Labour Party Leader David Shearer has created the post of spokesperson for Social Inclusion for the first time in New Zealand.
I am honoured to hold that portfolio.
I will be asking questions about the reasons for people being excluded from participating fully in society and what needs to be done to ensure that all our citizens have a stake in their communities and neighbourhoods.
With respect to ethnic communities, I will be asking what prevents our migrants from feeling a sense of being part of New Zealand society.
The creation of this role is driven by Labour’s belief that we all do much better when no one falls too far behind and the economy works for everyone.
Social Inclusion policies are a shift away from a sticking-plaster approach to the needs of the most vulnerable to one that produces long-term positive change.
Social inclusion starts with the experiences, aspirations and expectations of citizens in the design of programmes that lead lasting change.
Solutions are formulated on the basis of the best knowledge available and they are monitored for results.
We take a different approach to our communities than the current government.
Where a conservative approach is punitive towards those who are excluded from full participation in society we ask, “What is preventing them from full participation and access to the gifts our communities can bestow on all of us?”
Social inclusion refers to the process that promotes equality of opportunity, maintains social cohesion, builds social capital and minimises social exclusion.
It can capture the imagination of those who have become weary of conventional ways of defining problems and who have become accustomed to not seeing any significant shifts in the life opportunities of our most vulnerable.
People experiencing social exclusion live in different parts of society and are disproportionately located in easily identifiable vulnerable communities.

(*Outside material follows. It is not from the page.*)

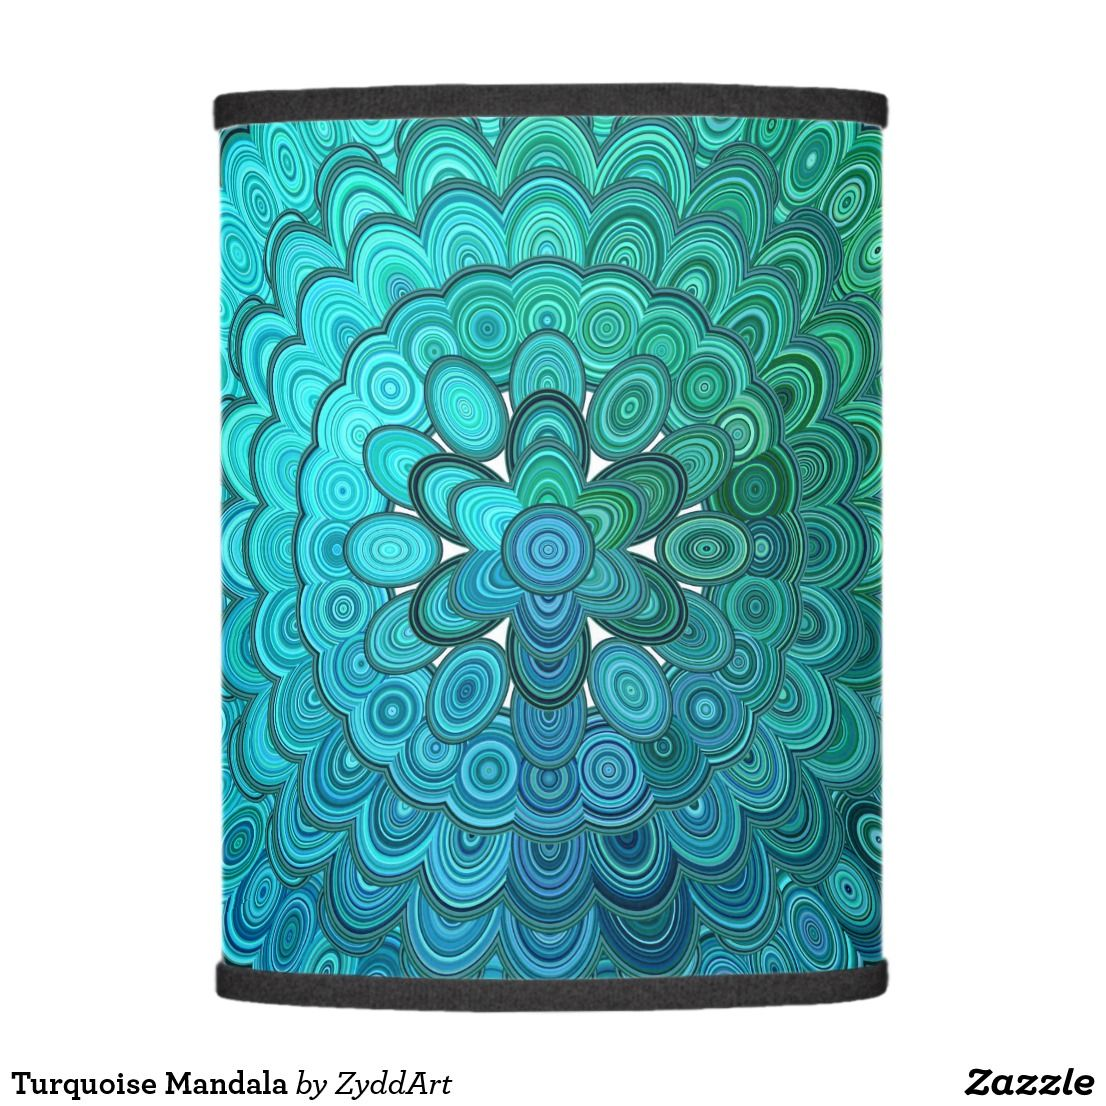 Botanical gift Mandala Gift Birthday gift for friend Rainbow Mandala Coasters Mandala gift idea Gift idea Sister Birthday gift idea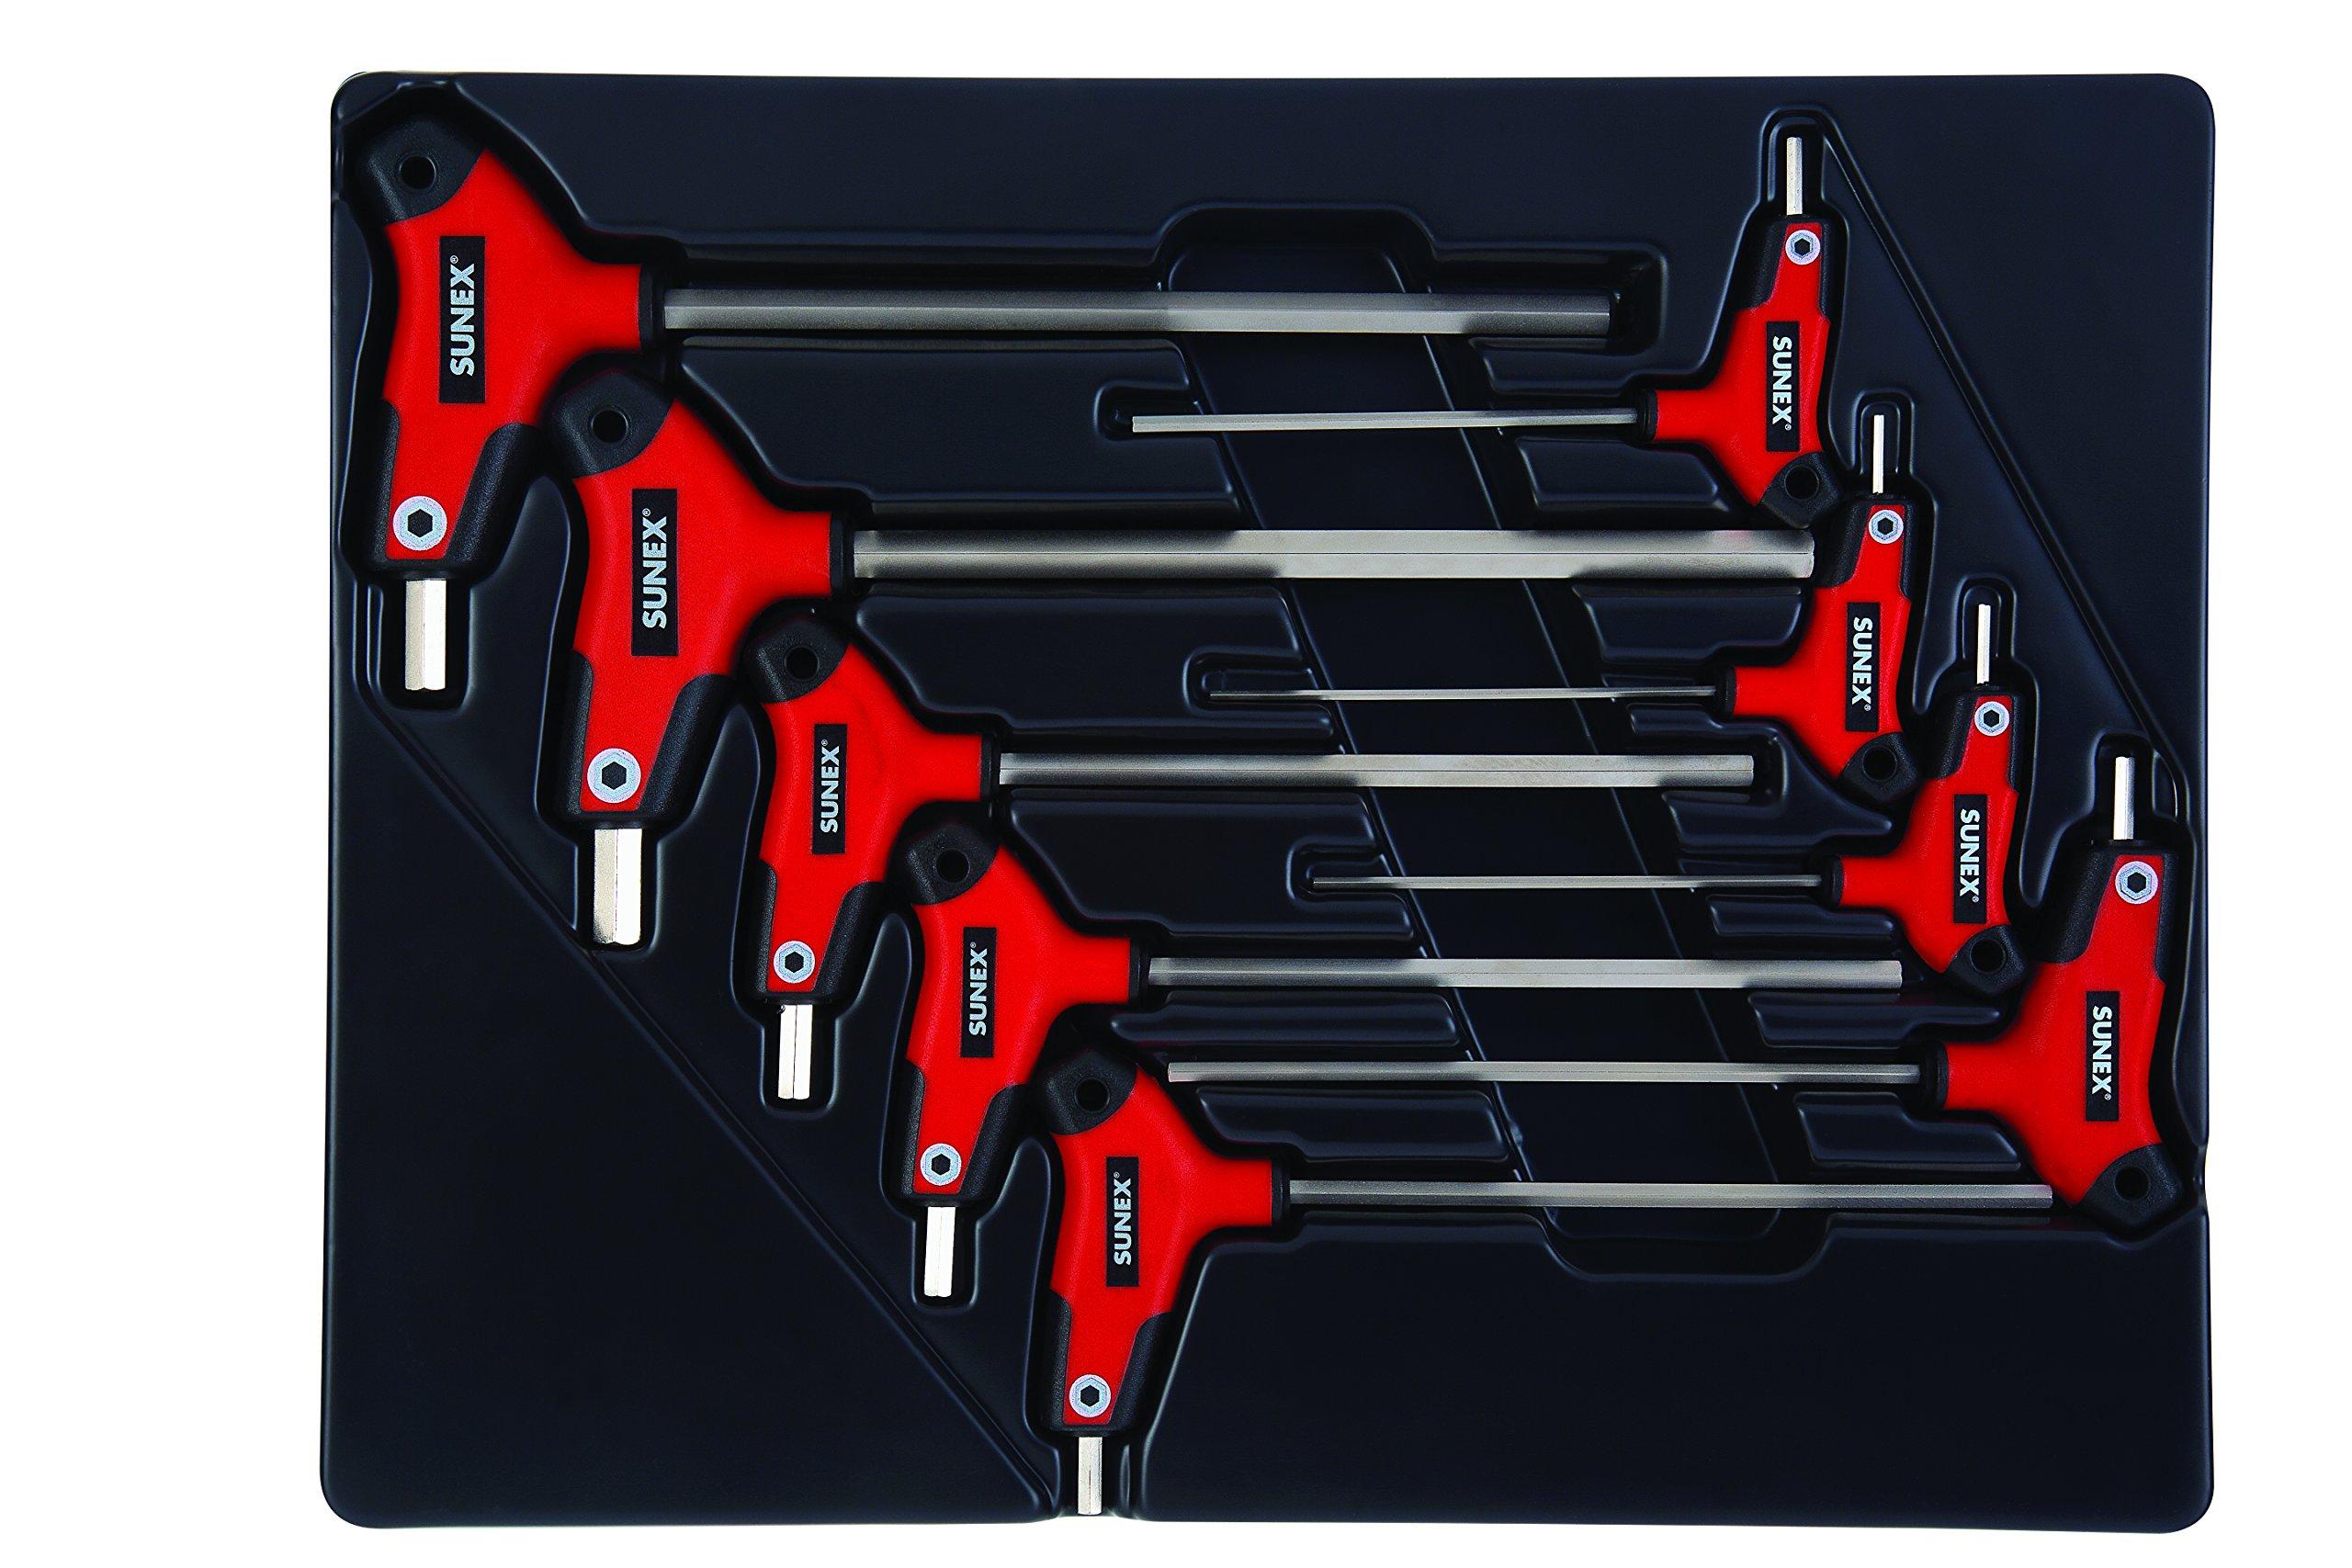 Sunex 9859 T-Handle - SAE - Hex Key Set (9 Piece) by Sunex Tools

These communities will be the focus of Labour’s social inclusion initiatives.
Social Inclusion involves communities in setting goals for intervention.
It is more likely to provide government with opportunities to fundamentally change vulnerable communities permanently and break the cycle of vulnerability.
This overarching philosophy and modus operandi can be applied to most objectives of the Government’s social programme.
It will enable the design of a fit for purpose that will ensure its sizable expenditure on lifting citizens out of their vulnerability is more effective than it has been for generations.
Dr Rajen Prasad is Member of Parliament on Labour’s List and is the Party’s Spokesperson for Social Inclusion and Ethnic Affairs and Associate Spokesperson for Social Development.